This volume seeks to present an expanded and humanist approach to food. Only observe how little is known about access to foods at the domestic level, about the cultural influences training tastes, or about the micro-politics that govern its distribution. Something about those blank places in our knowledge calls for explanation. Why is so little said on these particular scores? International agencies certainly know that unequal access to food is the result of social inequalities. They are discussing programs to improve the living conditions of the poorest segments of the developing countries. But, of course, authority tends to be most precarious in the poorest countries, so the very places where food is most unequally distributed are those in which politics are most sensitive to criticism. Plans for a new economic order meet political obstacles if receiving aid is conditional on interventions that threaten the sovereignty of the developing country (Fishlow et al. 1978). A concern to protect international collaboration may explain a tendency to keep political criticism out of the debates on world food problems.

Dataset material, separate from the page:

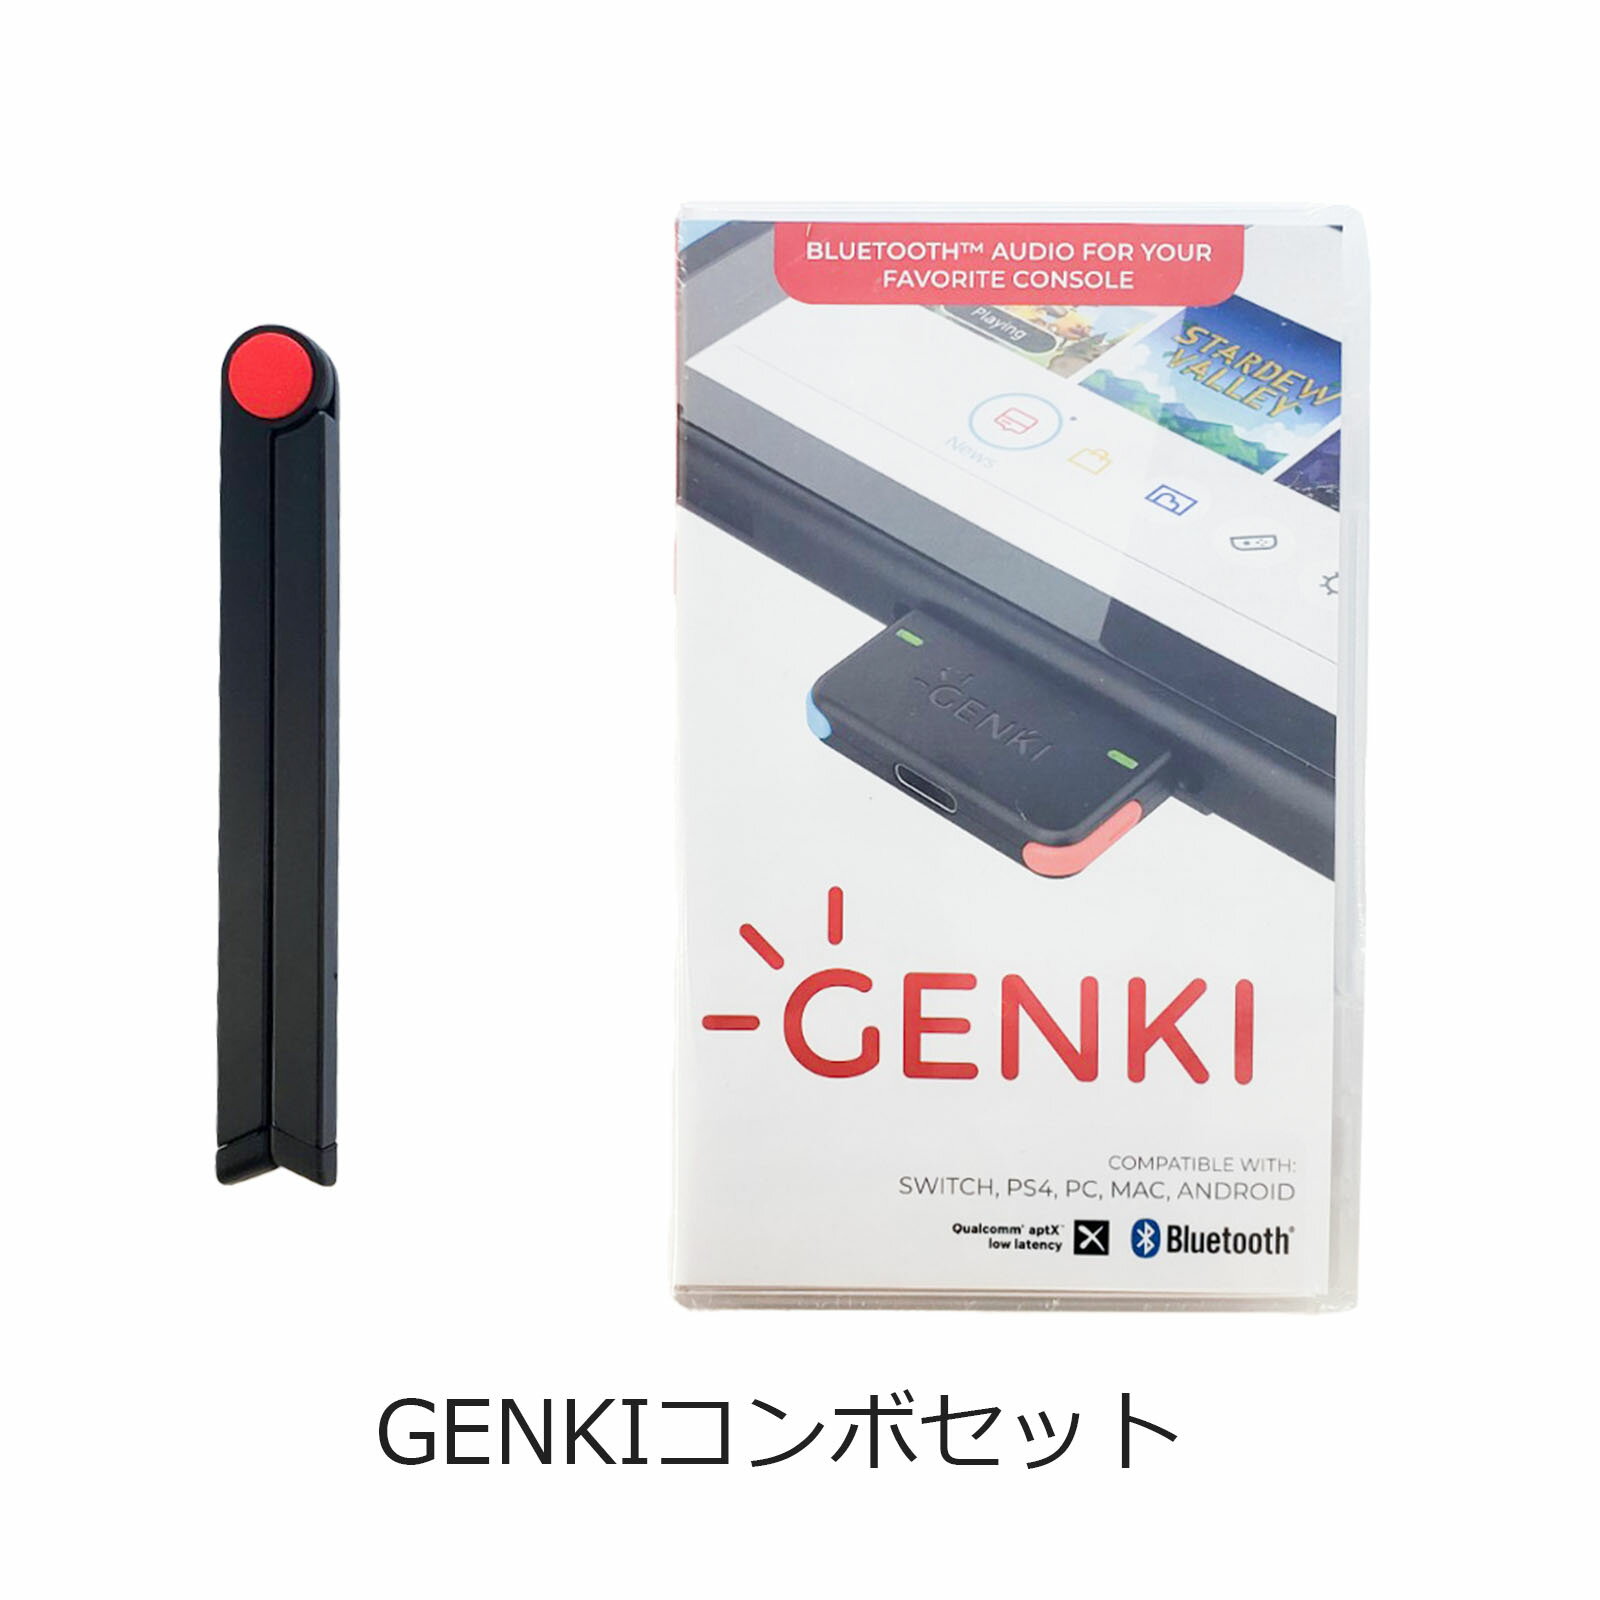 Genki Combo (ネオンブルー / ネオンレッド) ：Nintendo SwitchやPS4でワイヤレスヘッドホンが使える!
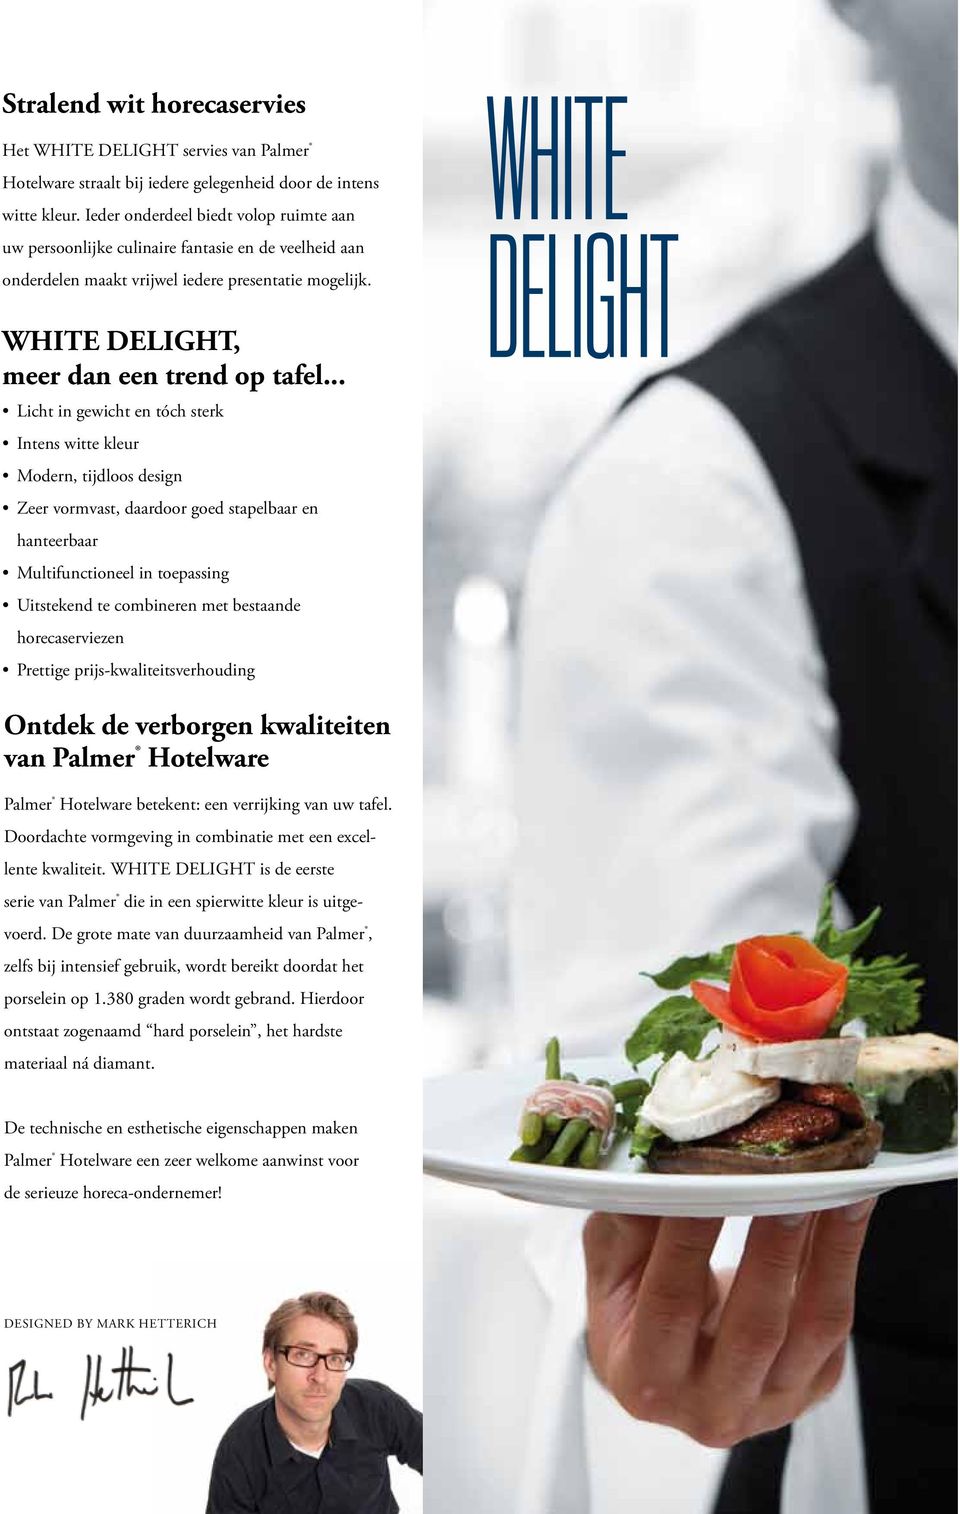 White delight WHITE DELIGHT, meer dan een trend op tafel.

Perhaps the extraordinary emphasis on production is a response to a need to depoliticize the subject of food. One might expect that this need would promote unpoliticized methods of thinking about food distribution.* But this is another blank space that needs explaining. The absence of serious research into the cultural and social uses of food is caused by a more fundamental separation between food sciences and social thought. It is the legacy of a process of intellectual compartmentalization corresponding to academic teaching and research divisions. The research reported here is intended to reach a more fundamental level of understanding. It attempts to examine some elementary relations between food sharing and social integration. The method has potential for bridging the gaps separating food sciences, cultural analysis, and sociology. It starts from the assumption that unlike livestock, humans make some choices that are not governed by physiological processes. They choose what to eat, when and how often, in what order, and with whom. The idea of approaching these choices through information theory has been aired before but never worked out, and this is what we here attempt.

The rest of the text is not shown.